A new kind of theme park put Anaheim on the map 57 years ago this week. Three months after Jonas Salk's vaccine removed the domestic threat of polio — and parents' related fear of exposing their children to large crowds — a mid-century entertainment mogul welcomed throngs to what he called “the happiest place on Earth.”

Before Disneyland opened, amusement parks were stay-put versions of traveling carnivals, strewn with roller coasters and Ferris wheels, freak shows and games of chance.

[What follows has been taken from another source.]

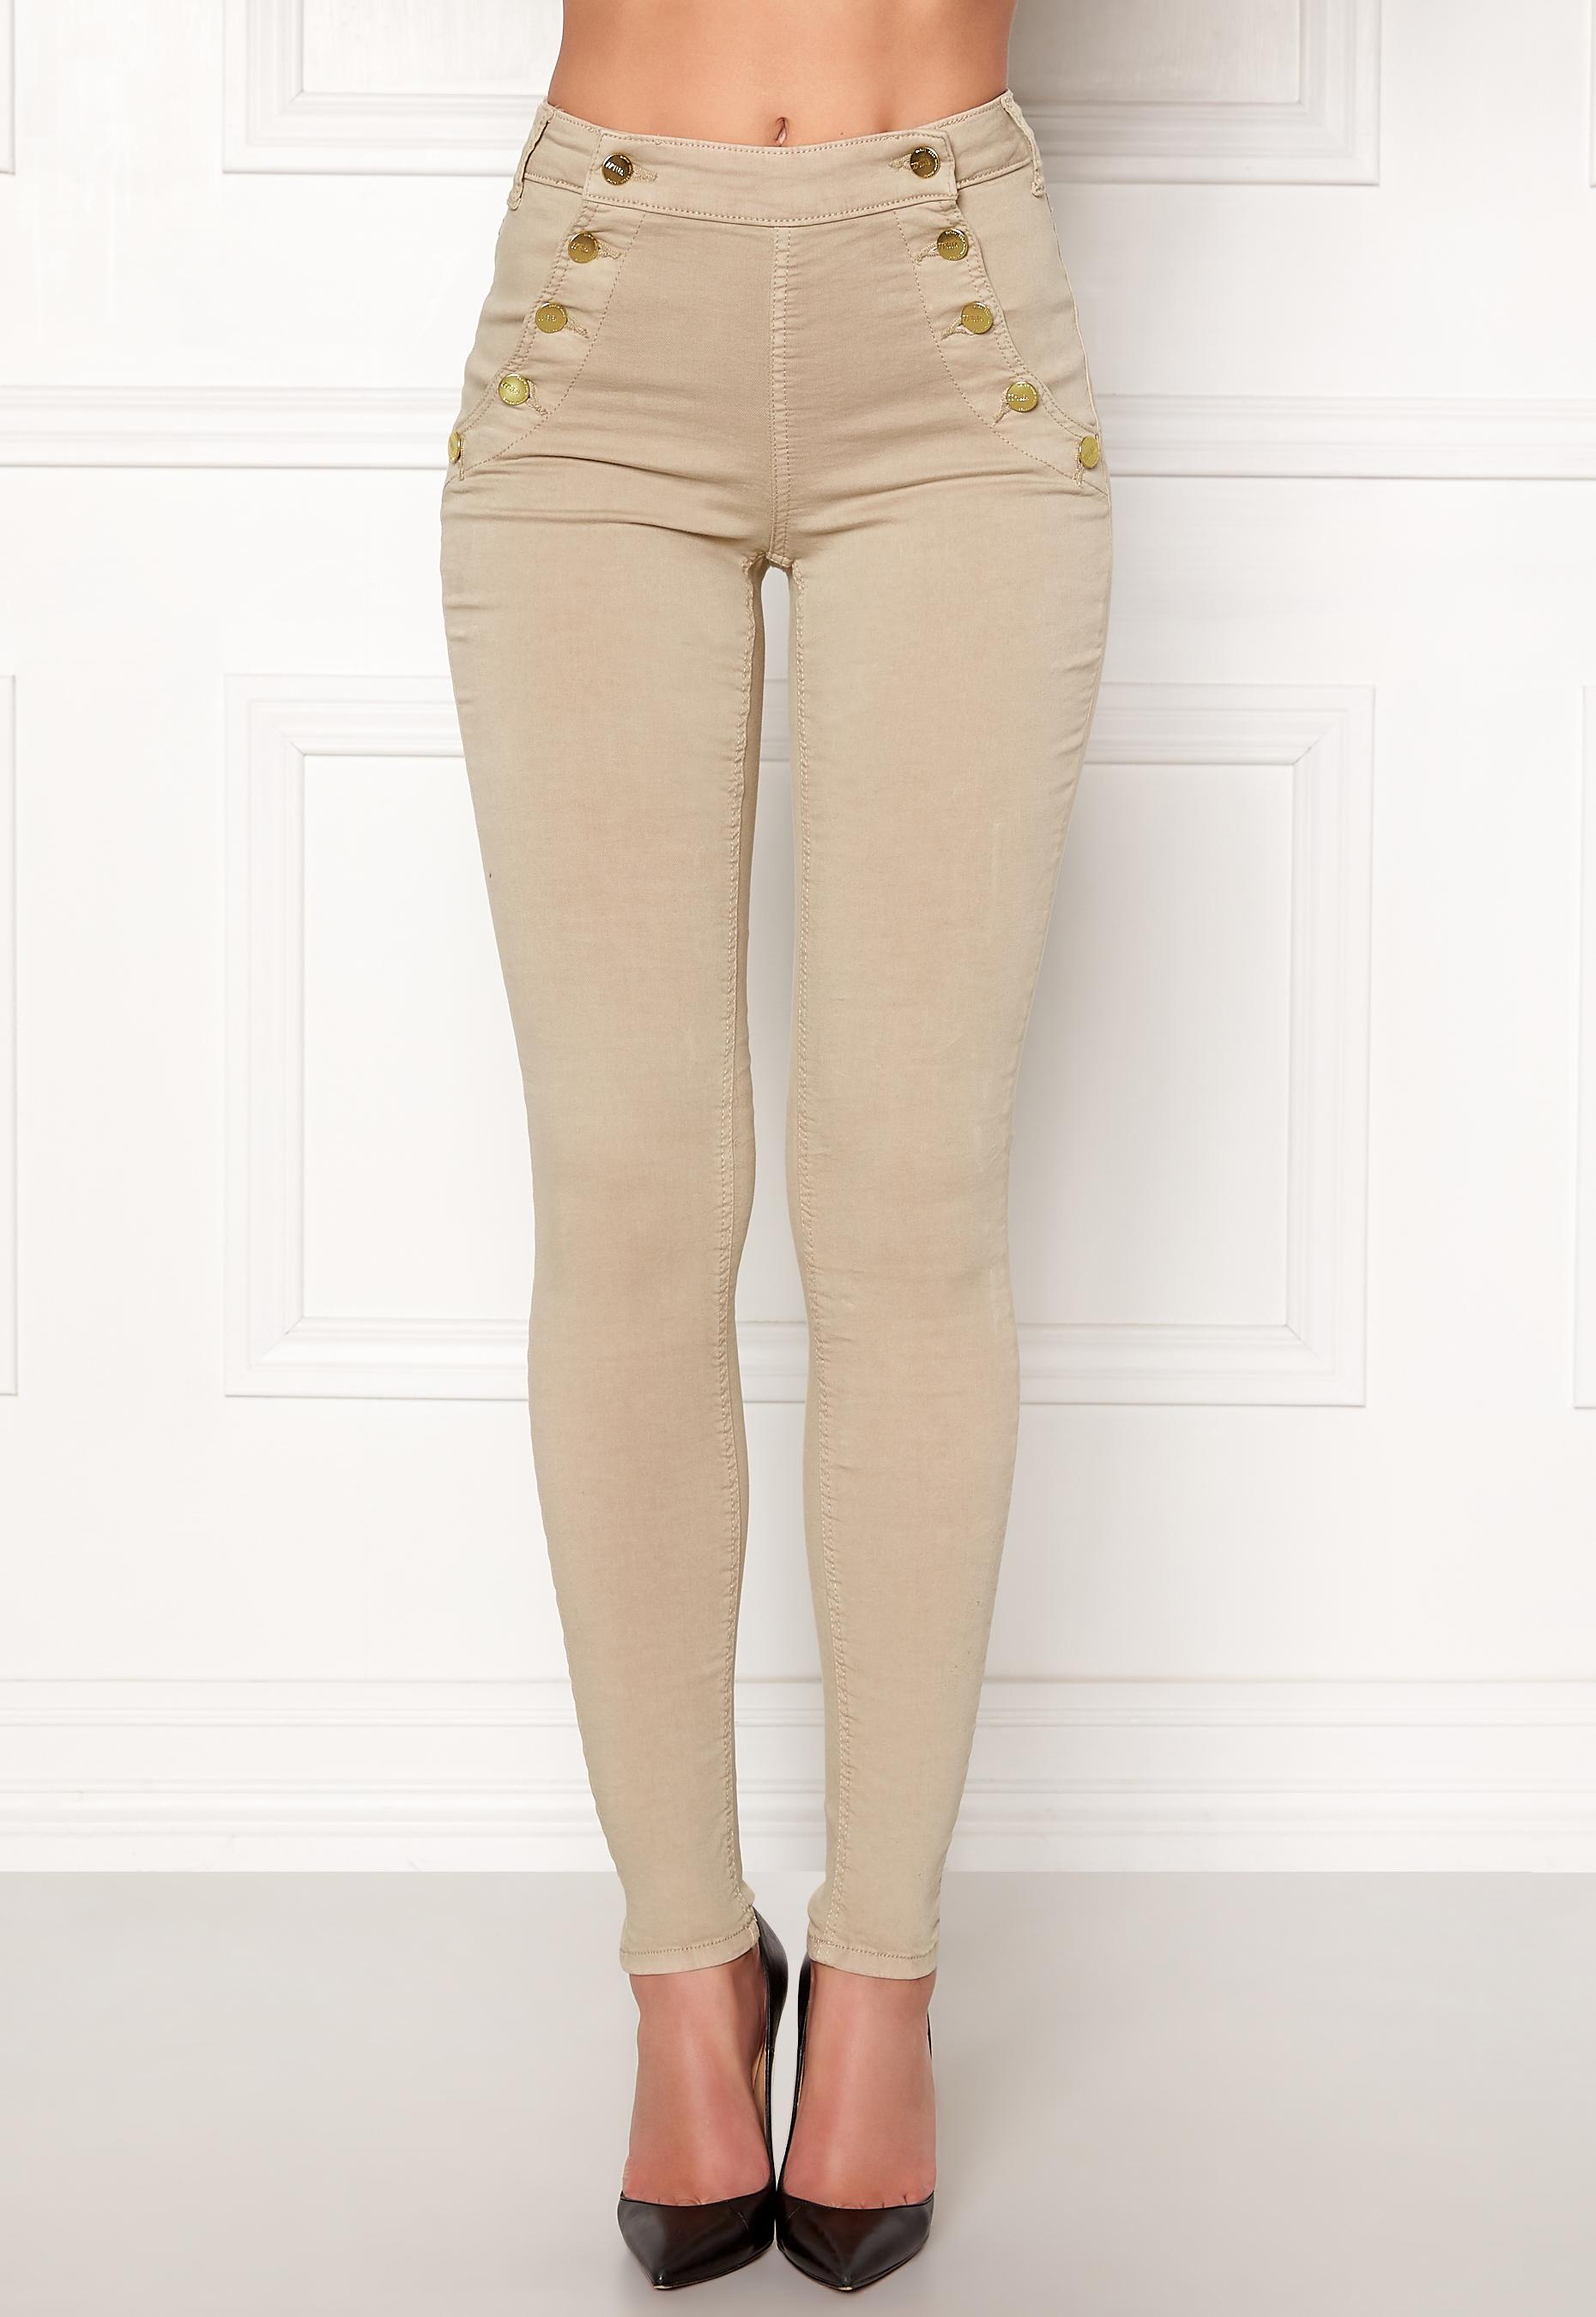 77thFLEA Adina highwaist jeans Putty - Bubbleroom 6a6277482c283

Not even 20 years after Walt Disney defied skeptics and scored a hit with the first feature-length animated movie (“Snow White and the Seven Dwarfs”), he changed the way Americans thought about theme parks. Disneyland was a squeaky-clean, candy-colored family entertainment venue. It evoked sanitized nostalgia for times gone by, with Frontierland and Tom Sawyer’s Island, and offered a glimpse at a streamlined future with the Monorail and Tomorrowland.

Californians of a certain age associate the term "E ticket" not with online flight bookings, but with the coolest rides at the Disneyland of their youth.

Over the years the number of attractions has grown from the original 20, and crowds have grown much bigger than the opening day’s 33,000. But the Disneyland model helped launch an international theme park industry – and helped Orange County gain stature as an international travel destination.